Dataset records
————————

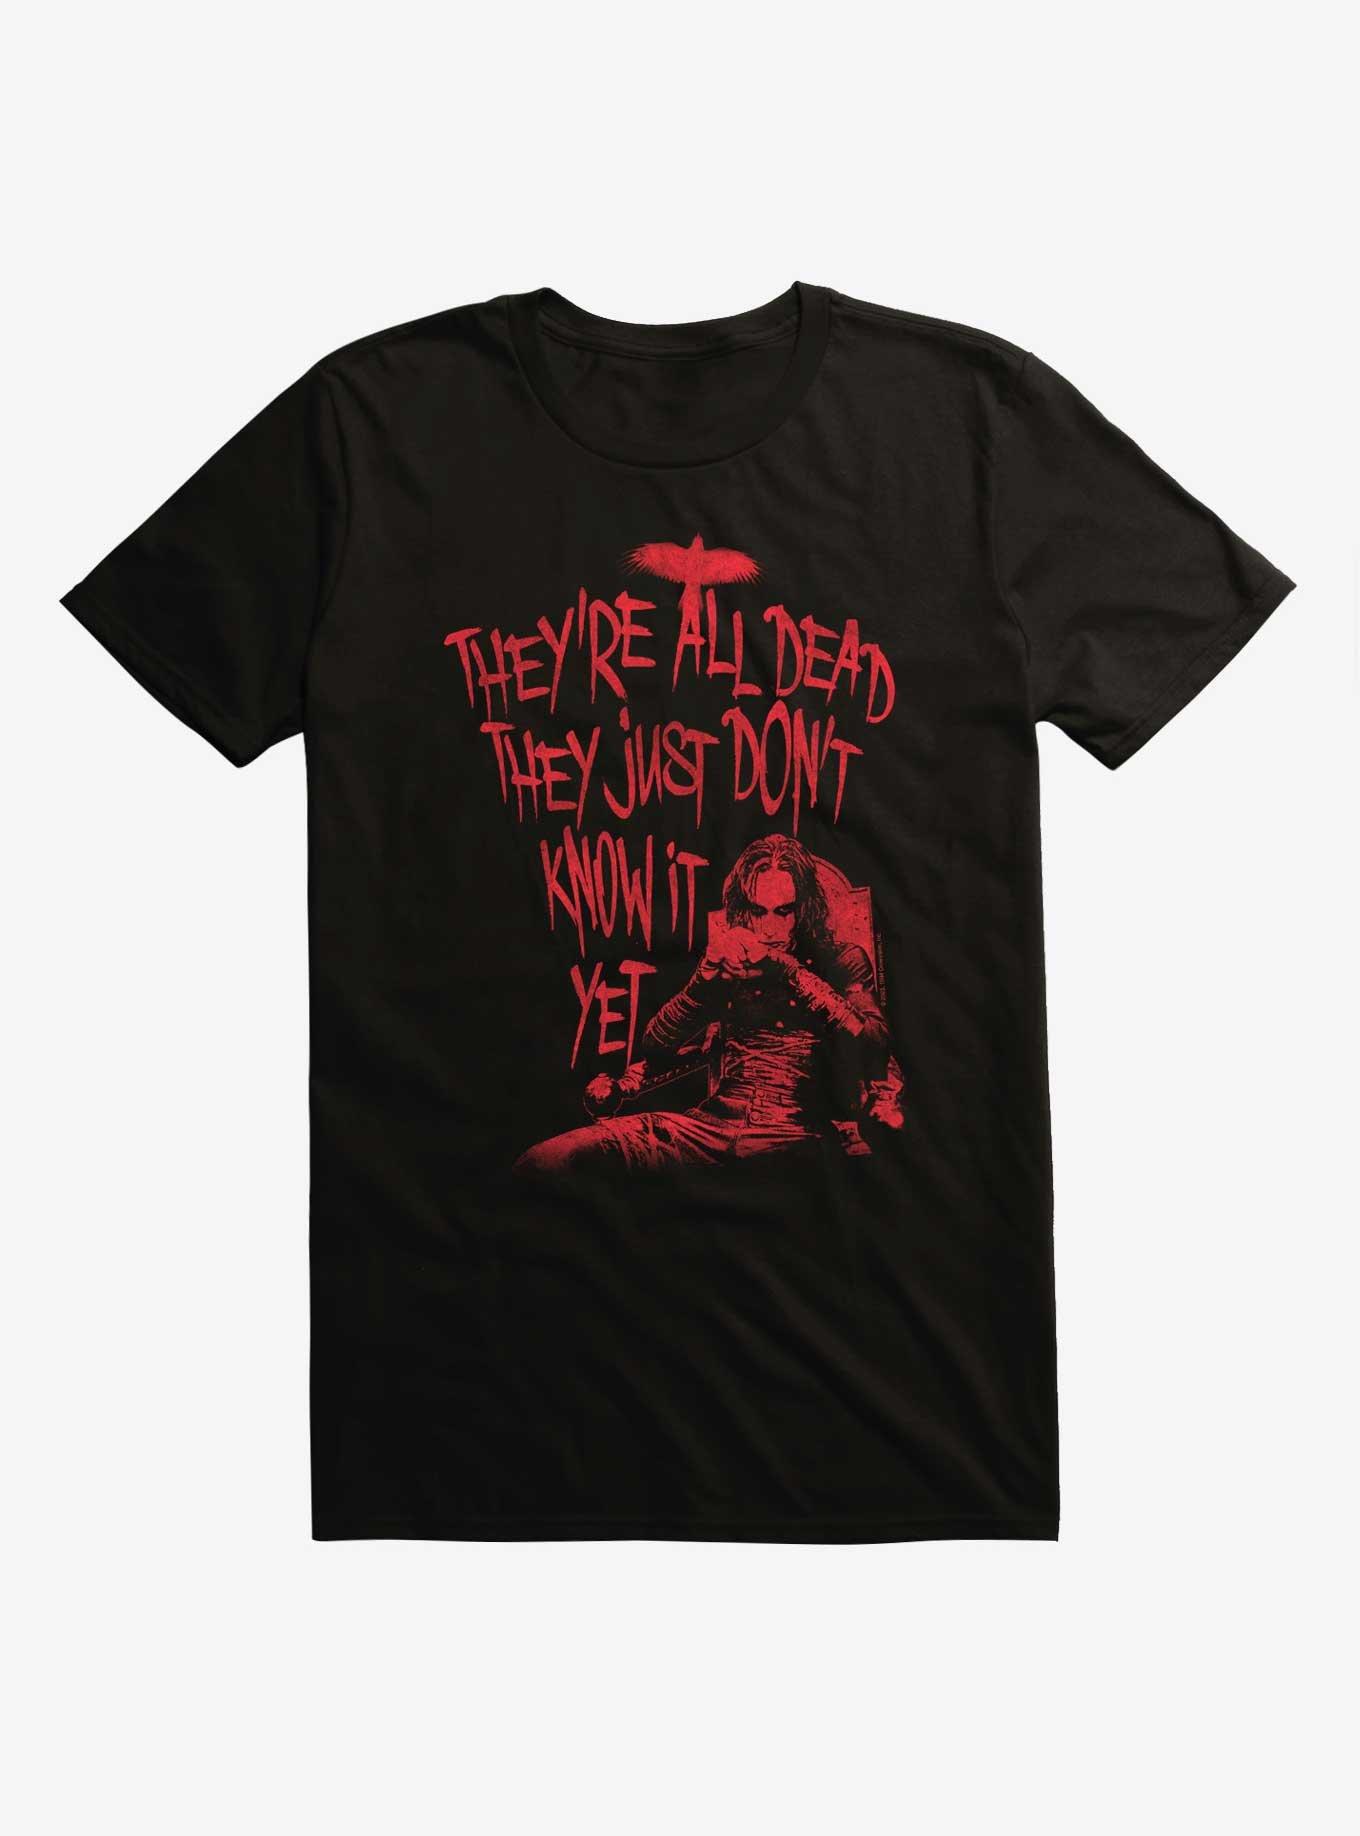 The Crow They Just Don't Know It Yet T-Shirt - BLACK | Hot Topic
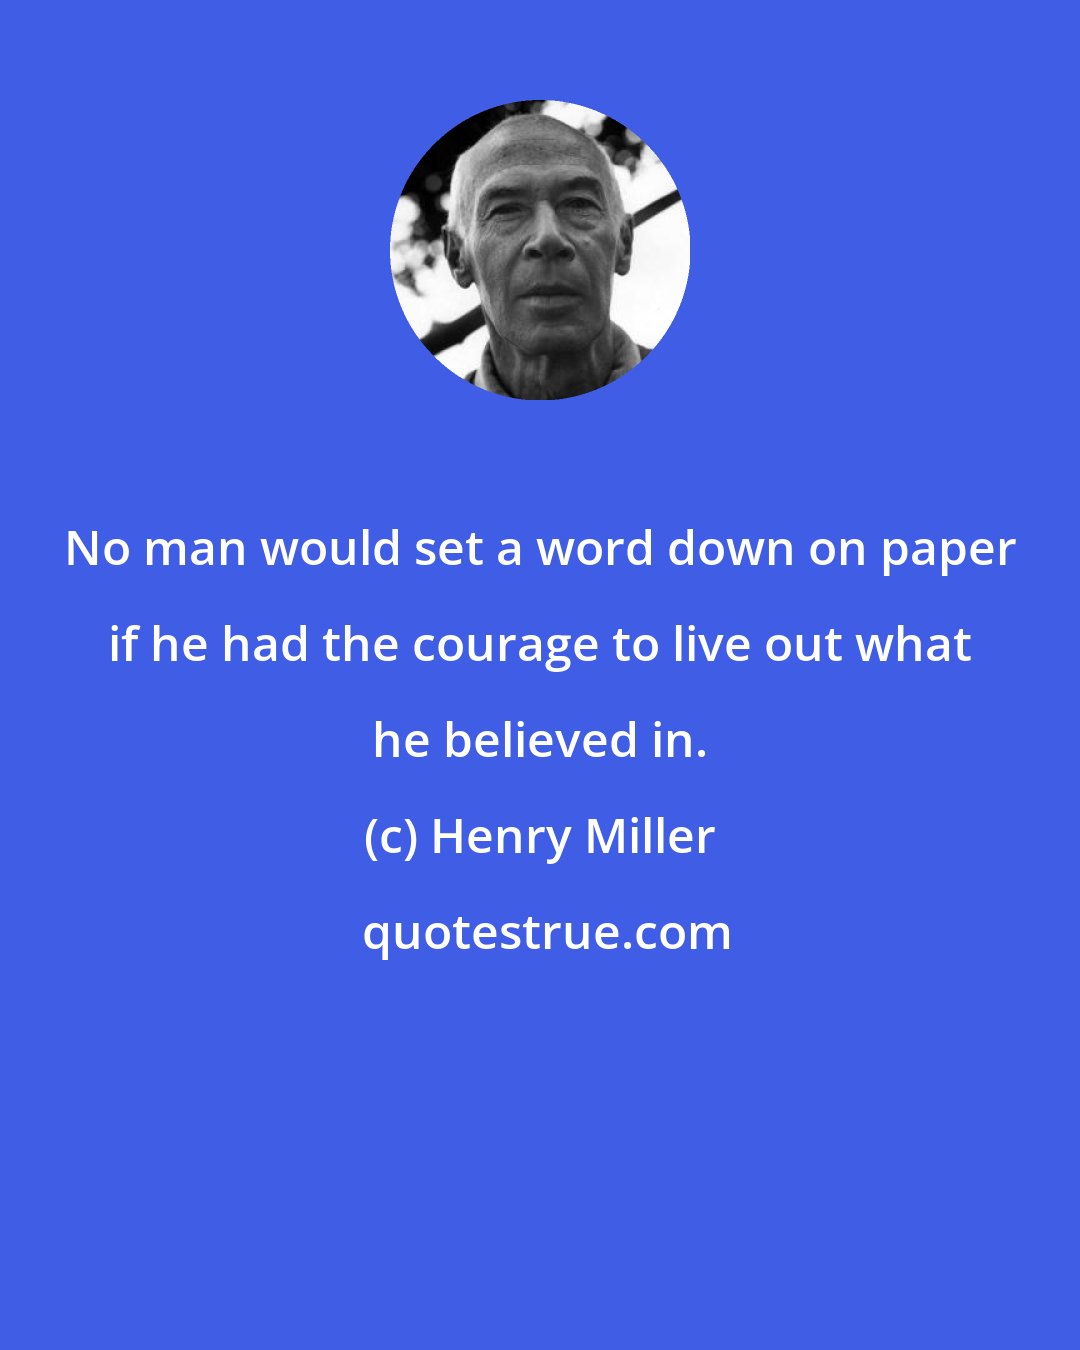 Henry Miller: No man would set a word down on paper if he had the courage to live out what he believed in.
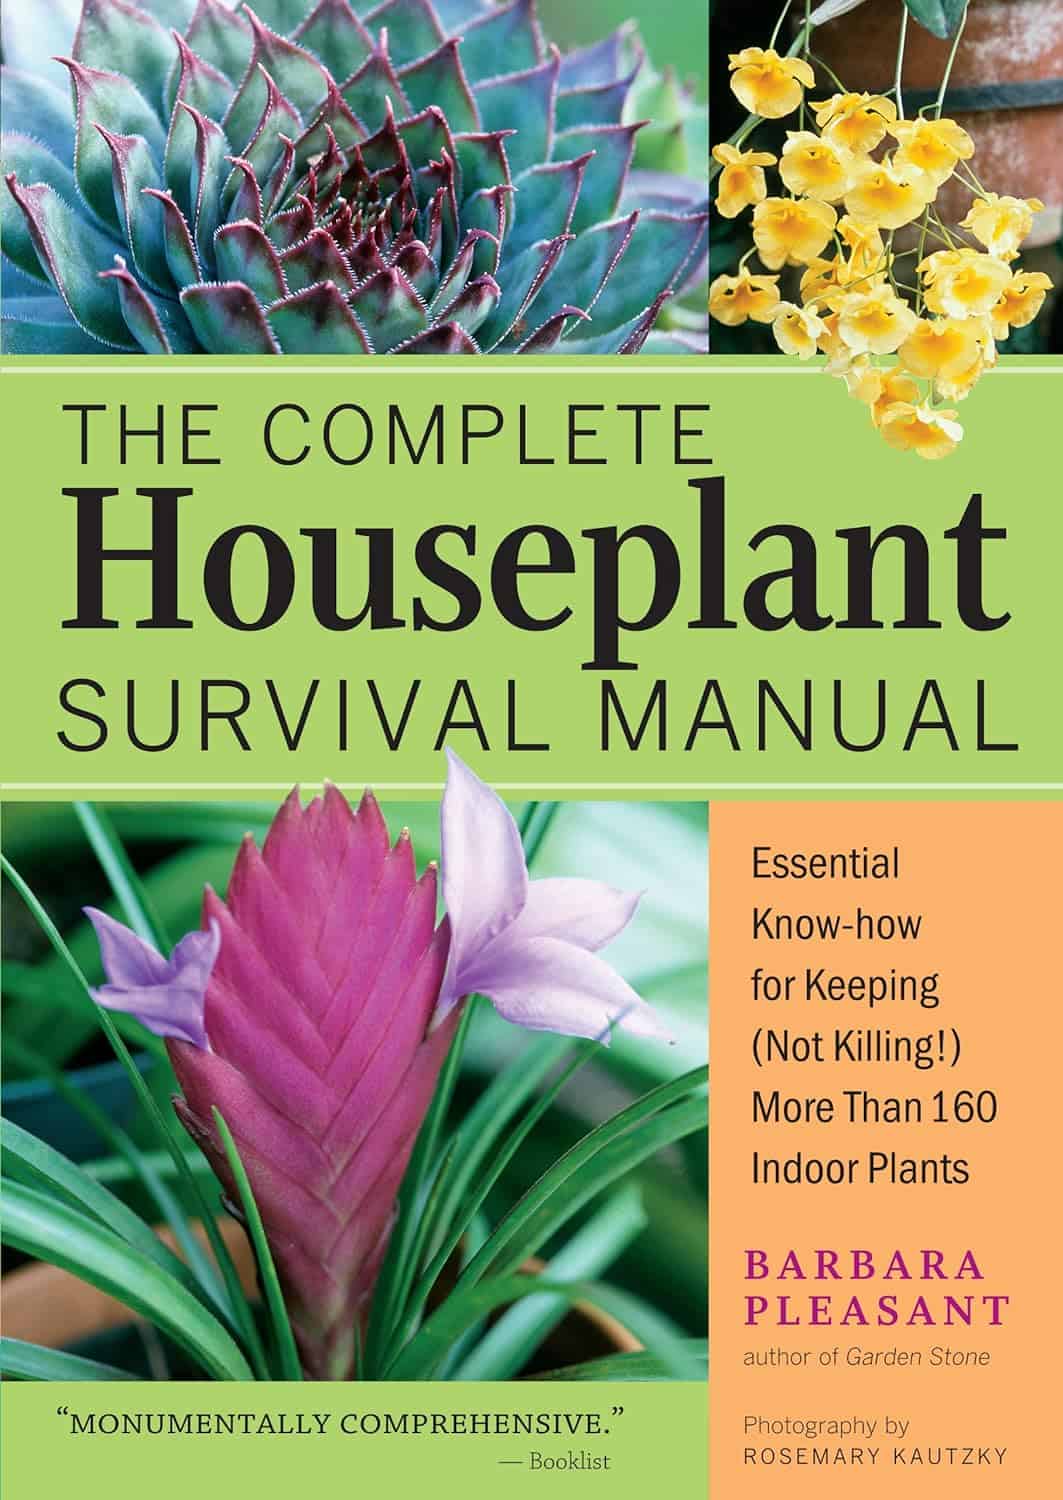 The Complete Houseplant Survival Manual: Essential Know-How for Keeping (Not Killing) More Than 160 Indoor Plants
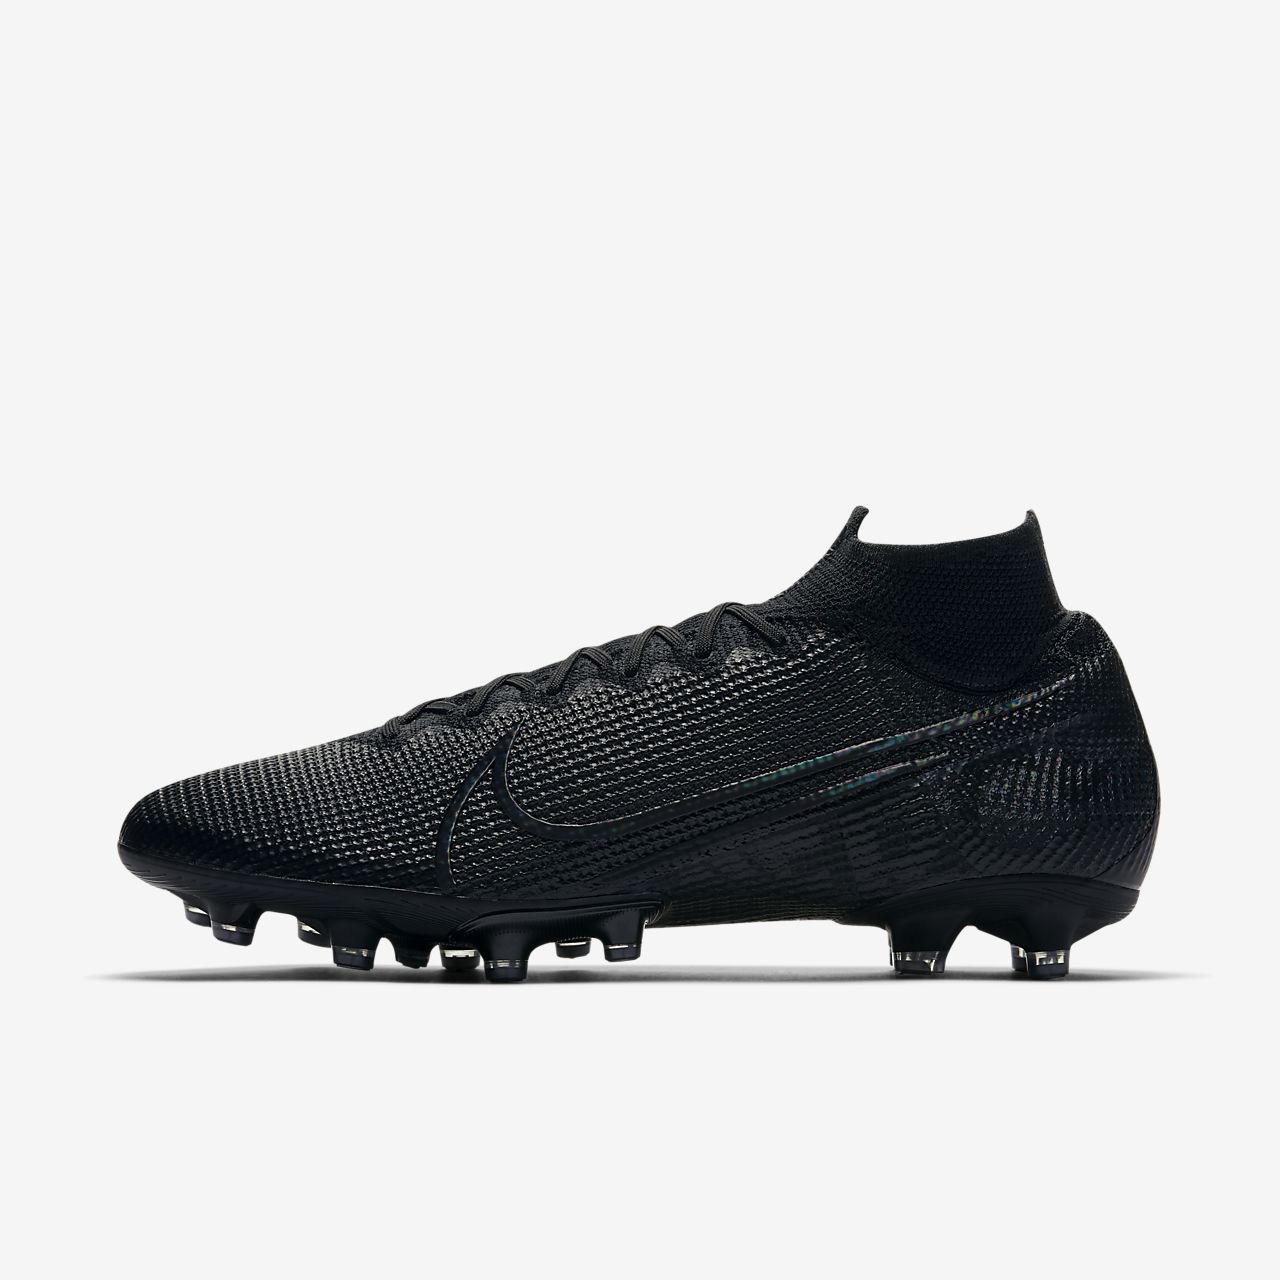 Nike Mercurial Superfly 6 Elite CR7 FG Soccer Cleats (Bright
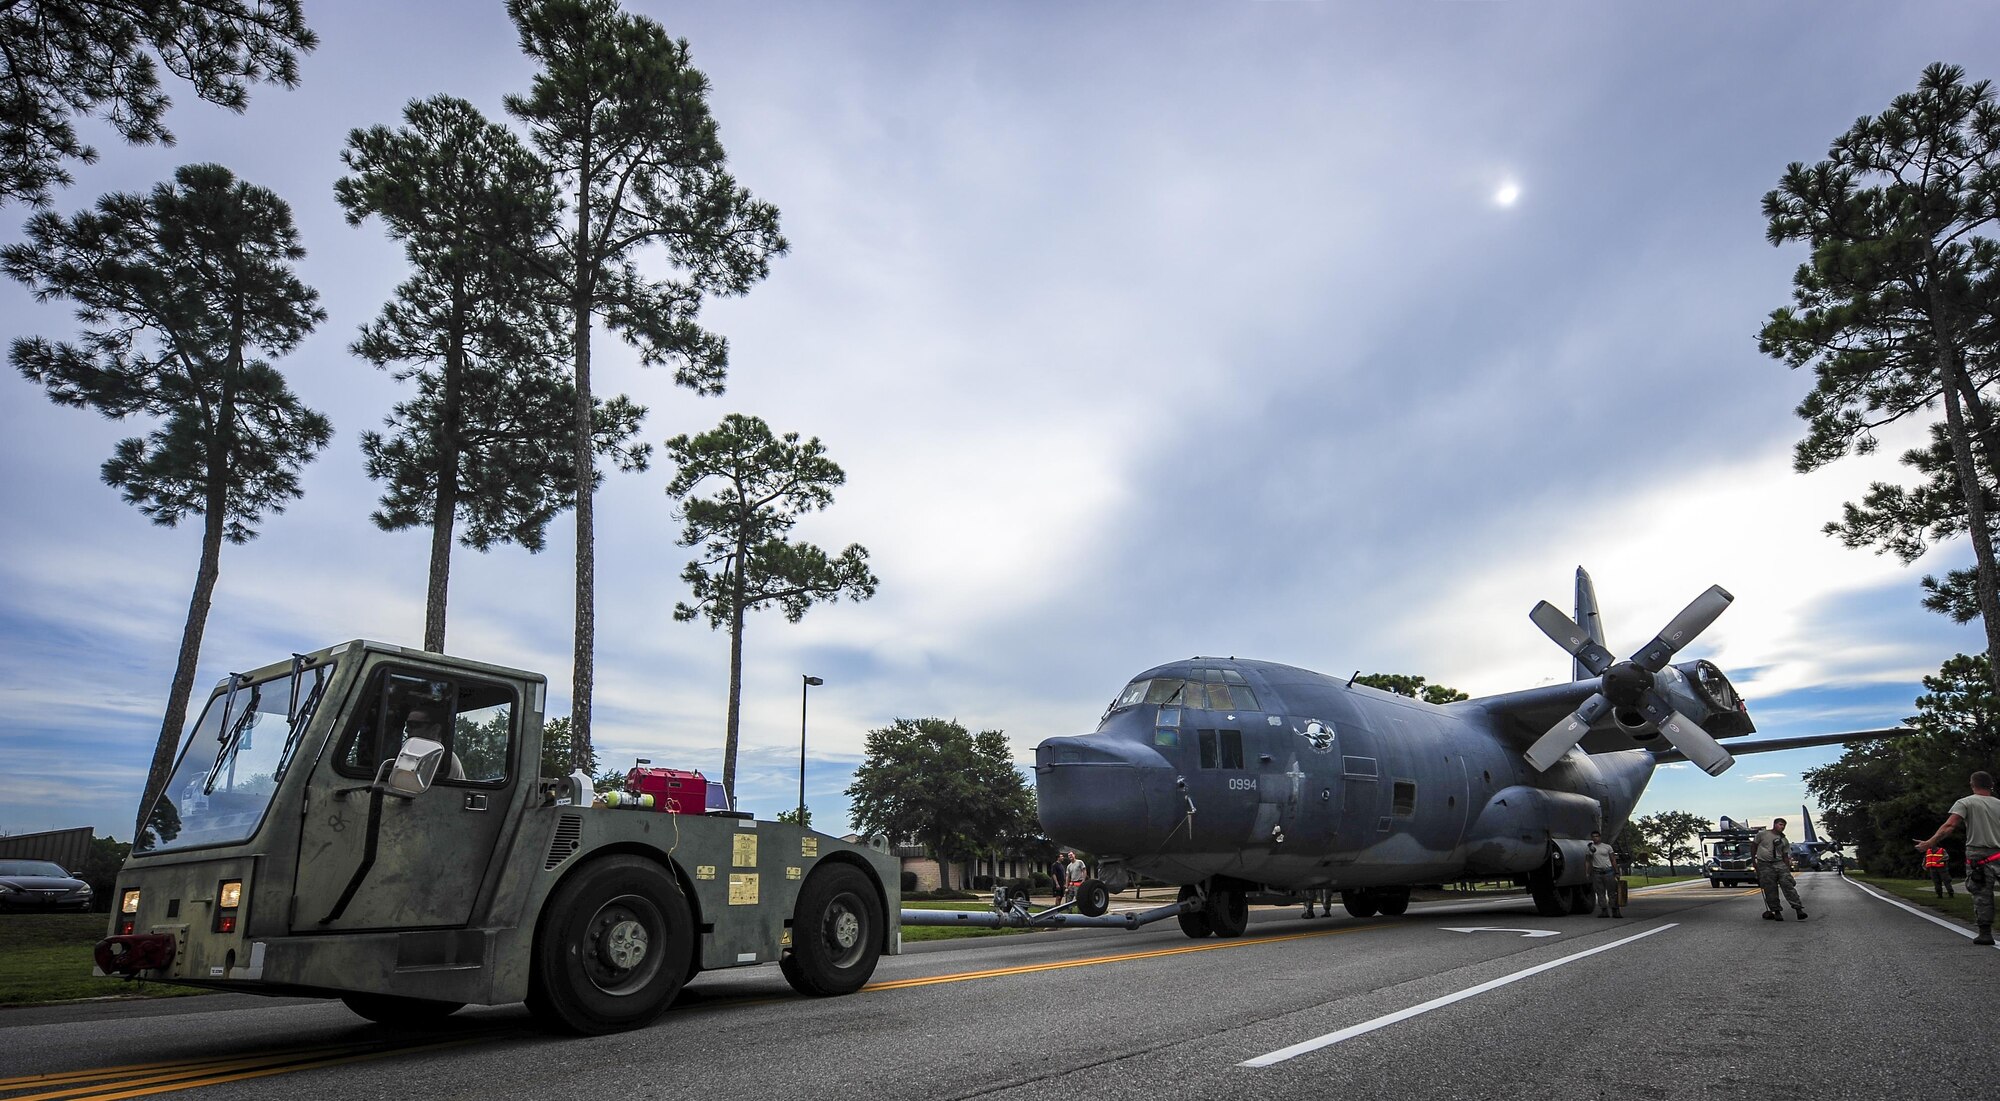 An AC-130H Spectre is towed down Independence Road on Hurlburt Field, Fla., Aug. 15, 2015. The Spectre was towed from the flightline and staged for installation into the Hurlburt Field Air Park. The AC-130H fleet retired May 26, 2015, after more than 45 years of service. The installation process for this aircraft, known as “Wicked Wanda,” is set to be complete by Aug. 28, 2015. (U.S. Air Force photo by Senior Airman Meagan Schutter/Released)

————————

**What to work on:**
From the line holding "The Complete Houseplant" to the line holding "Nike Mercurial Superfly", both included, retype the entries above exactly and drop the pictures.

**Task response:**
 The Complete Houseplant Survival Manual: Essential Know-How for Keeping (Not Killing) More Than 160 Indoor Plants
 Nike Mercurial Superfly 6 Elite CR7 FG Soccer Cleats (Bright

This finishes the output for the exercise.